• _Supplied information_

<<<<

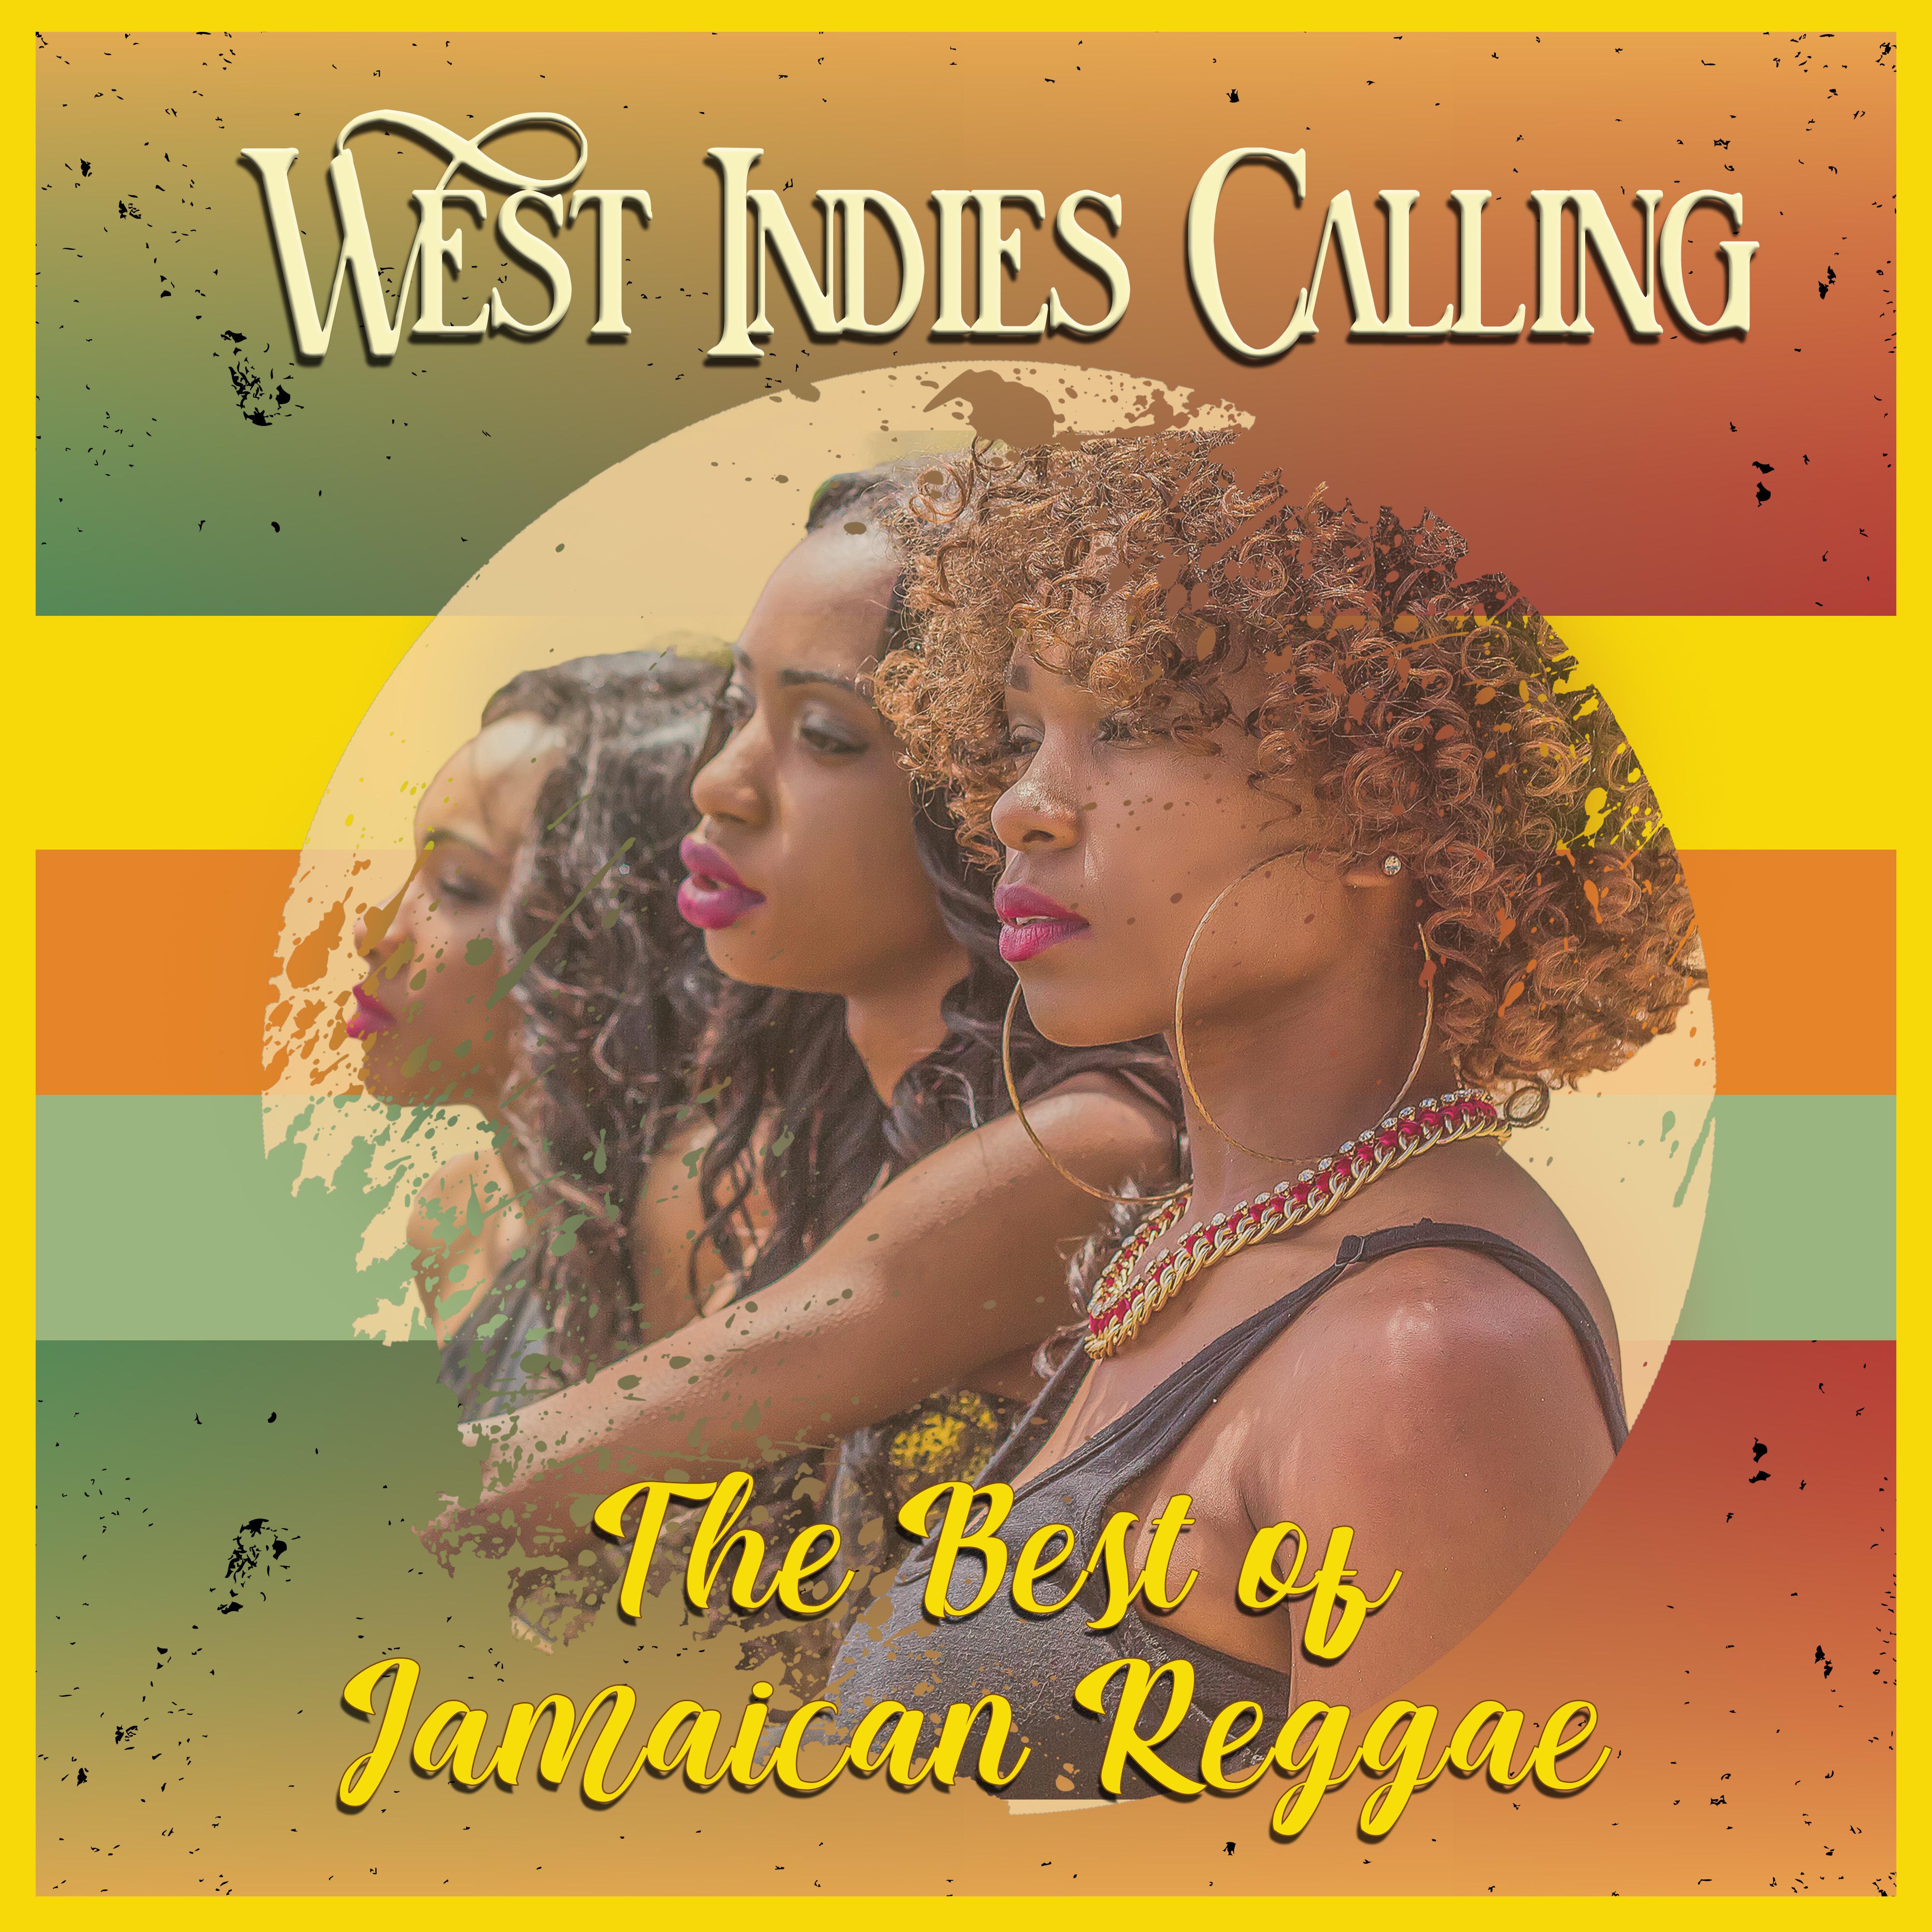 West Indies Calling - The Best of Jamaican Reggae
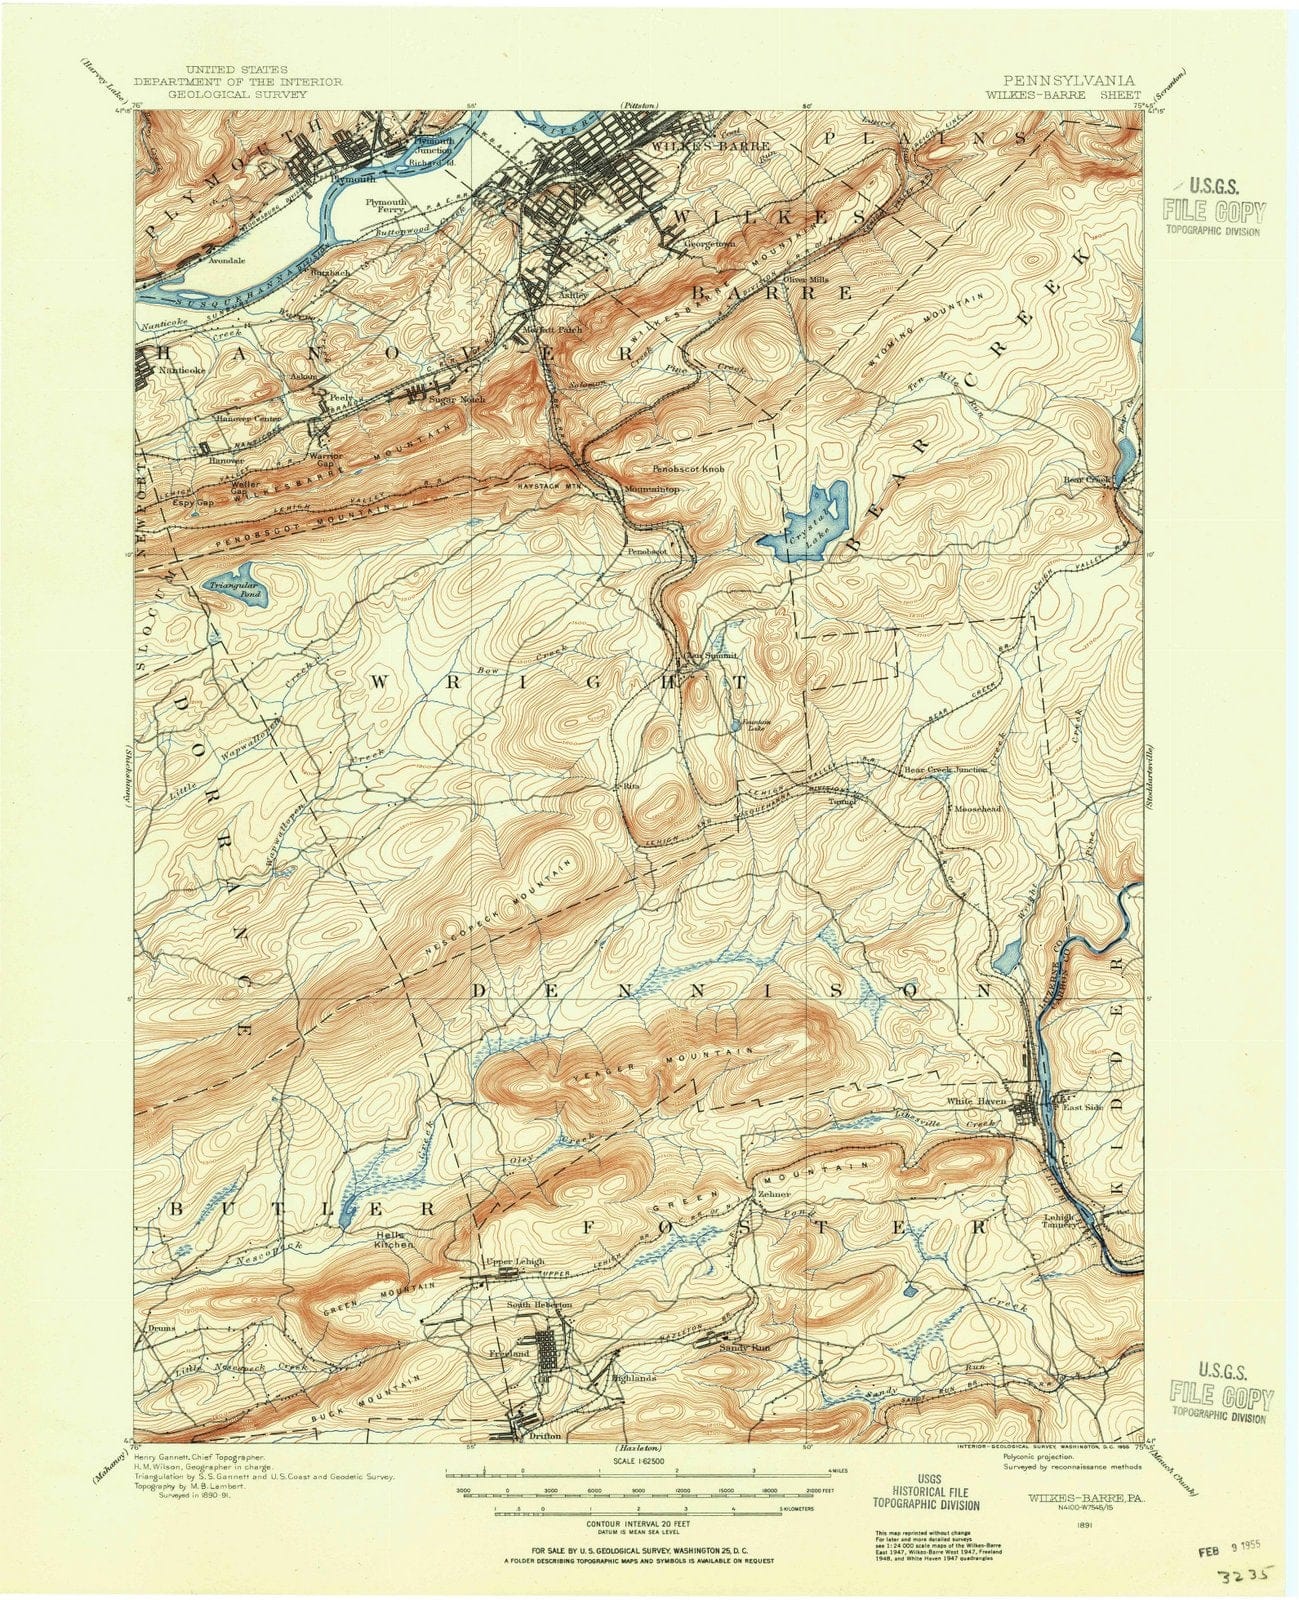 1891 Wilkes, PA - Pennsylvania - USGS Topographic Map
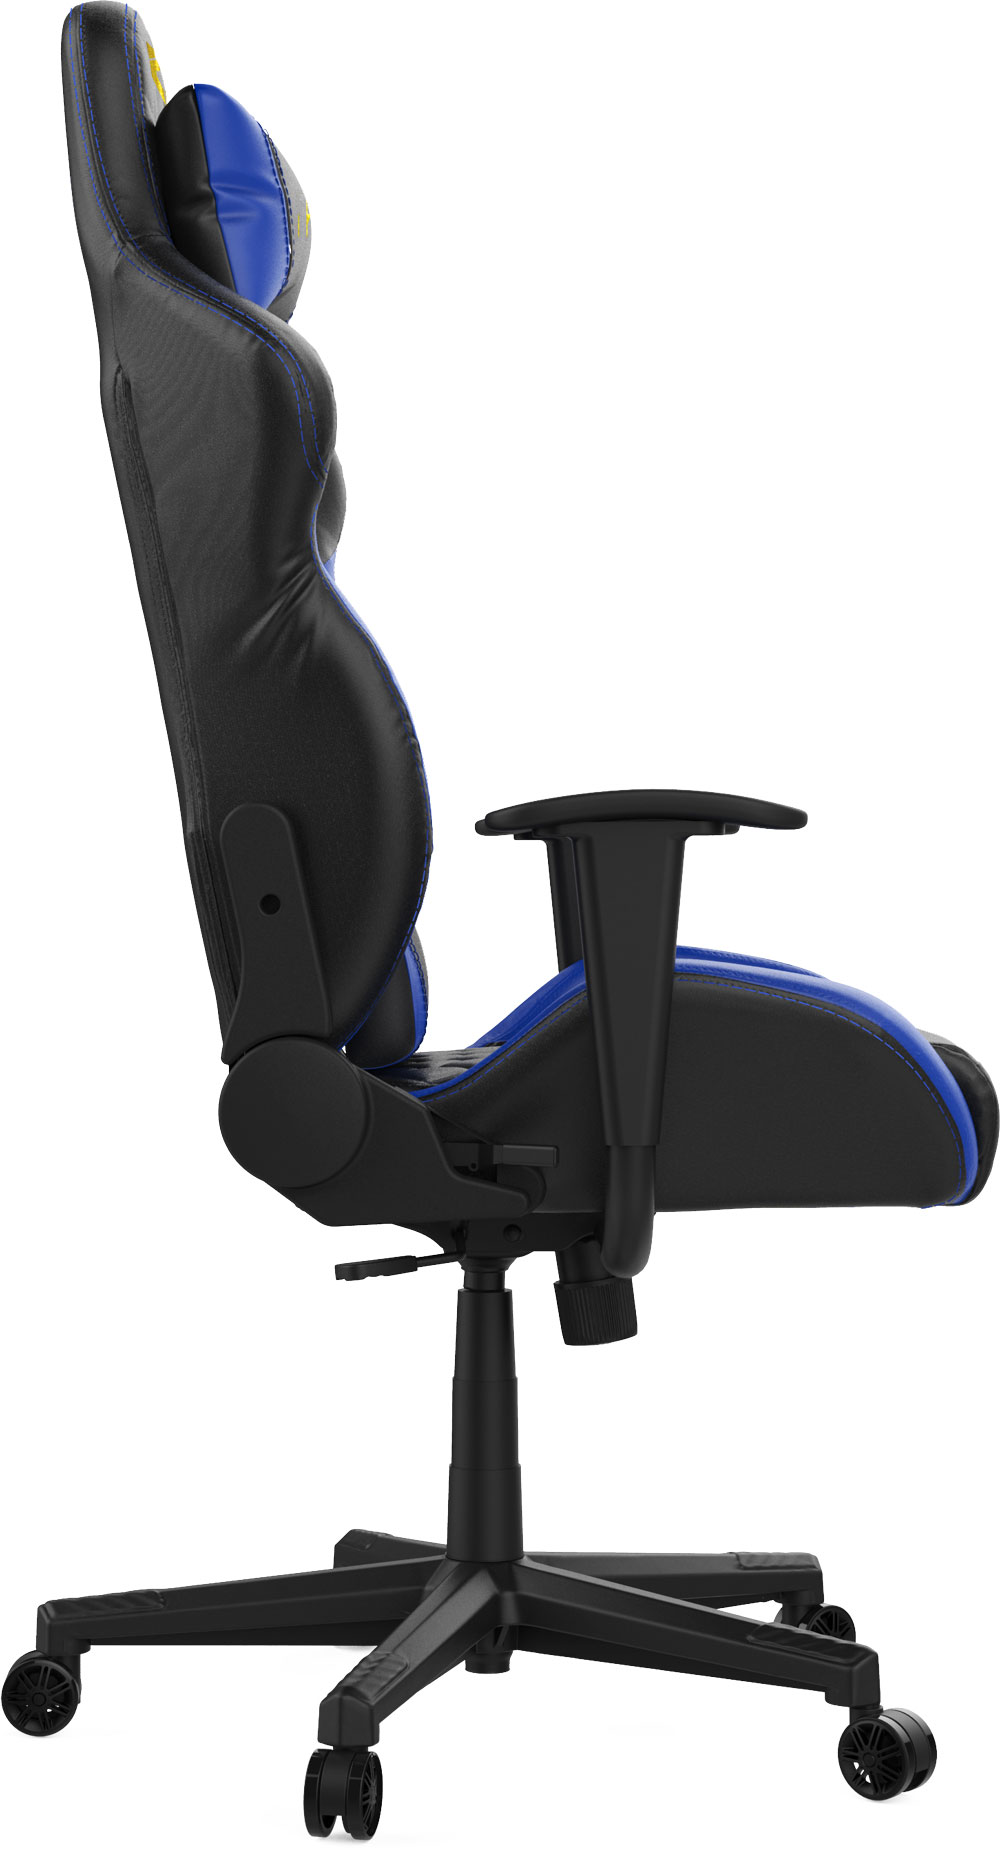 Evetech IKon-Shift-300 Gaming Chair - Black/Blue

>>>>

• _Task description_
Return the complete material exactly as it appears, without images.

• _The answer_
 West Indies Calling - The Best of Jamaican Reggae
 1891 Wilkes, PA - Pennsylvania - USGS Topographic Map
 Evetech IKon-Shift-300 Gaming Chair - Black/Blue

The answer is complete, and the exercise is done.